Amy (Anna Chlumsky) at her most exasperating is a campaign manager at her sexiest. Her casual disregard of anything resembling tact passes for dirty talk to the backwoods candidate. Be careful there Buddy Calhoun, remember what cousin Ernie’s mother warned him about city women on I Love Lucy. They be vampin you, but they ain’t even knew they was trying. I love how Amy chooses to play down campaign manager over fiancé in the battle to the bottom of the political barrel. She is a political animal. Just not in bed, at least not as much as Senator Furlong would be.

Amy is on the road as campaign manager and she’s going to bring Buddy’s team of countryfuckers into the 20th Century. You read that right. The 20th century. These people still think free-standing lawn signs are the latest technological advance in sloganeering. Amy’s introduction is a not-so-subtle incident of foreshadowing to Meyer’s solution to her political dilemma.

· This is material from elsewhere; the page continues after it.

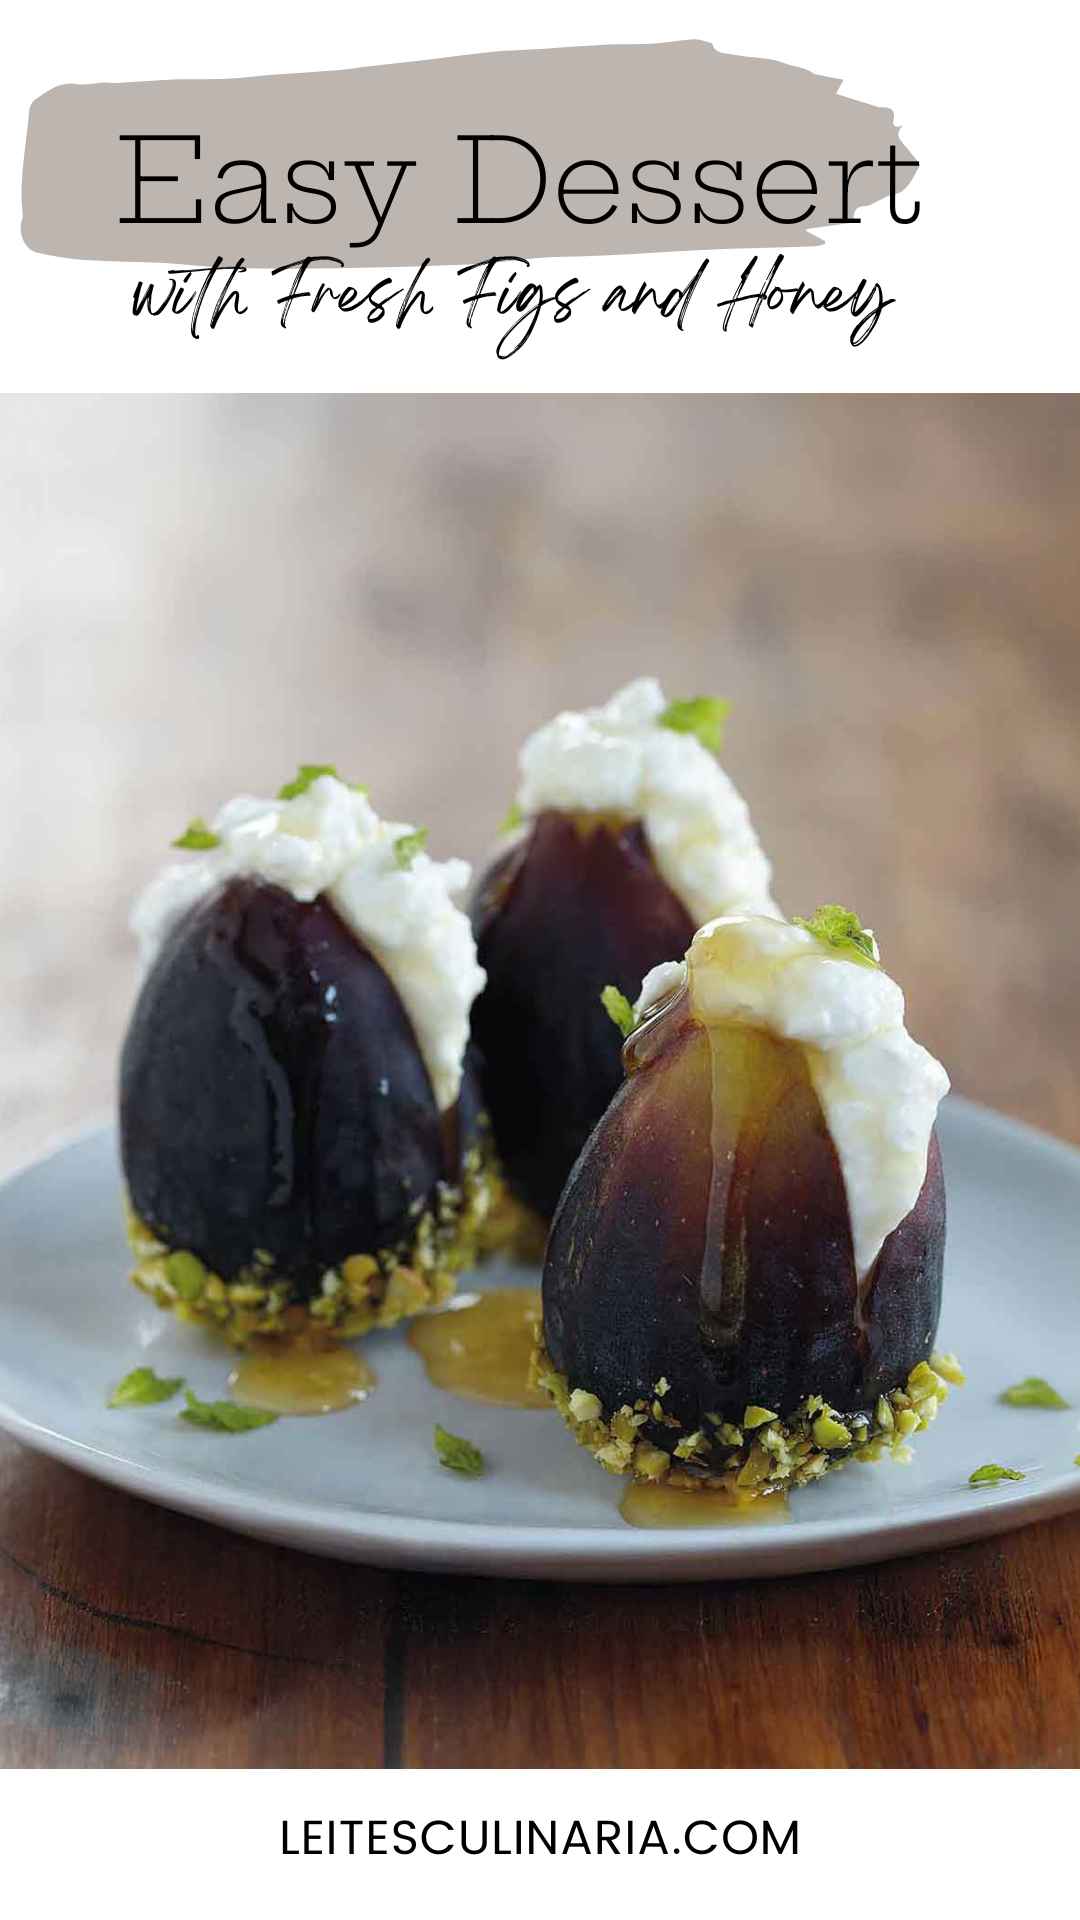 Three figs filled with ricotta cheese and topped with honey on a plate.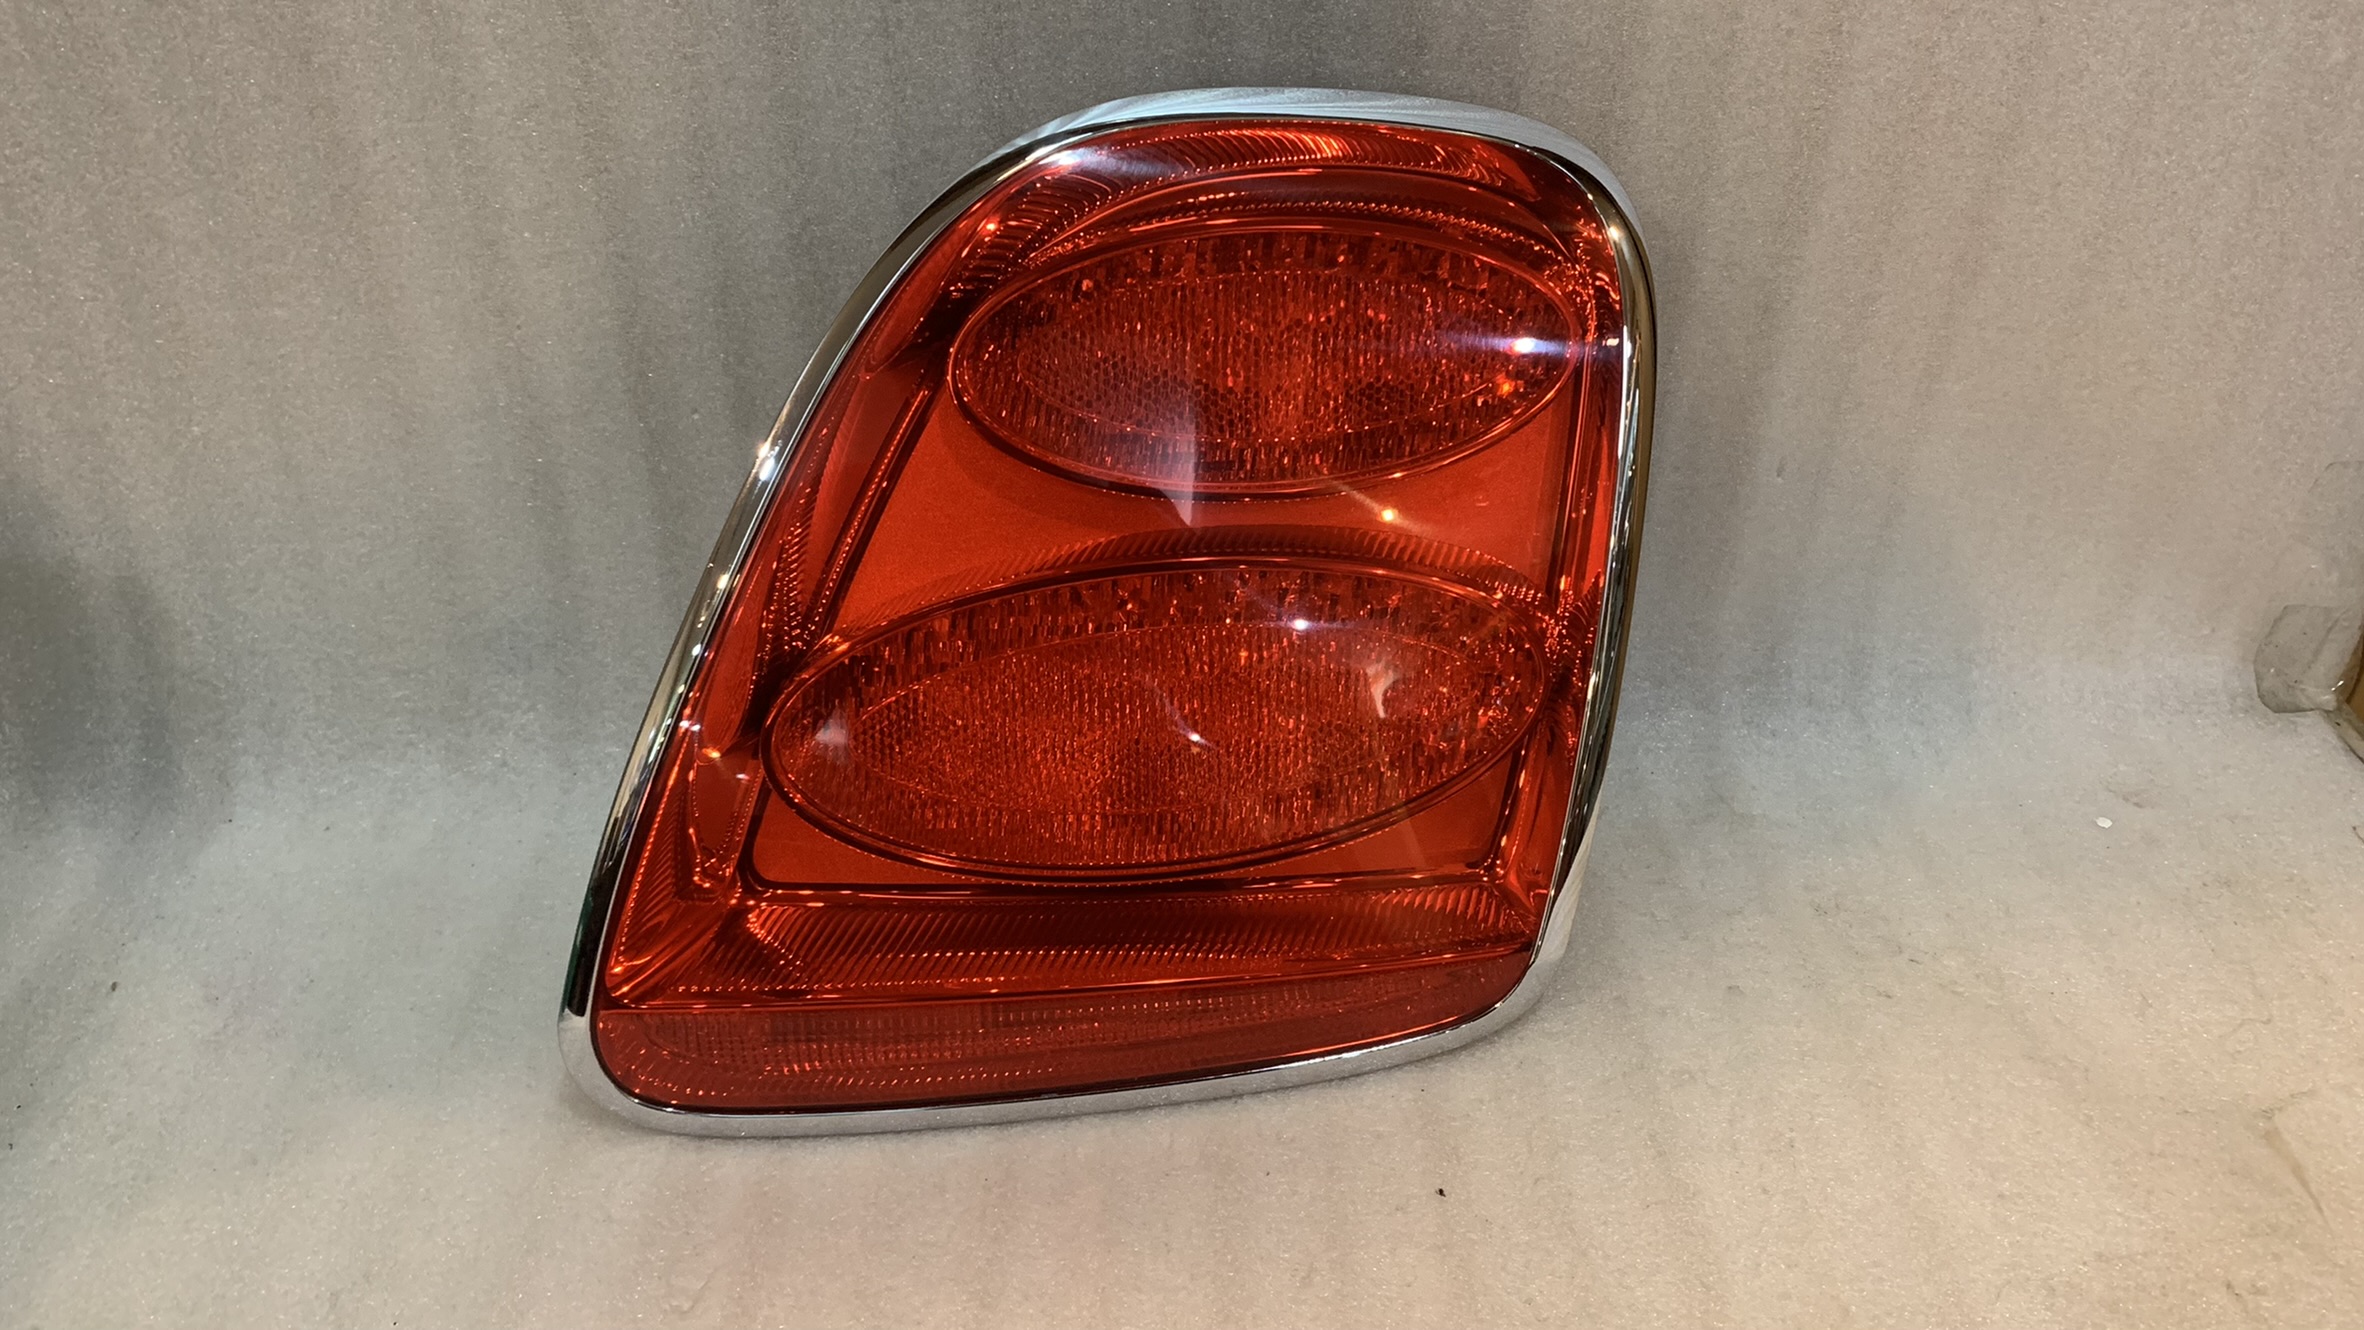 BENTLEY CONTINENTAL FLYING SPUR TAIL LIGHT RIGHT

Former Beltway race champ Ben (Kevin Dunn) is suffering from yellow cab fever. Besides the fetishistic aspect of the condition, he appears to be woefully out of his element with  the best and brightest young people running Uber, millennials too lazy to learn to drive drunk. The best part of his erotic confession is that he looks like he just might score a new wife out of it. He does all but wag his tongue.

Gary (Tony Hale) is a sloppy wet dishrag of Machiavellian brilliance. He harumphs and coughs and clears his throat in a passively aggressive attempt to circumnavigate Meyer’s waters. He is sadly successful in his subliminal whining maneuvers because he is as clueless as Meyer is rudderless. Richard is also brilliantly clueless, every single intuition is wrong and yet his every suggestion is right on the money.

The best acting of the evening is Catherine’s (Sarah Sutherland) reaction to Selena’s big news. Her obvious PTSD could only be classified as heart wrenchingly hilarious. Almost painful to witness, its brilliance so horribly effective, it is stomach turning in spite of the belly laughs. For physical acting, it is on par with Louis-Dreyfus’s trench throat cough when she was bedridden last season.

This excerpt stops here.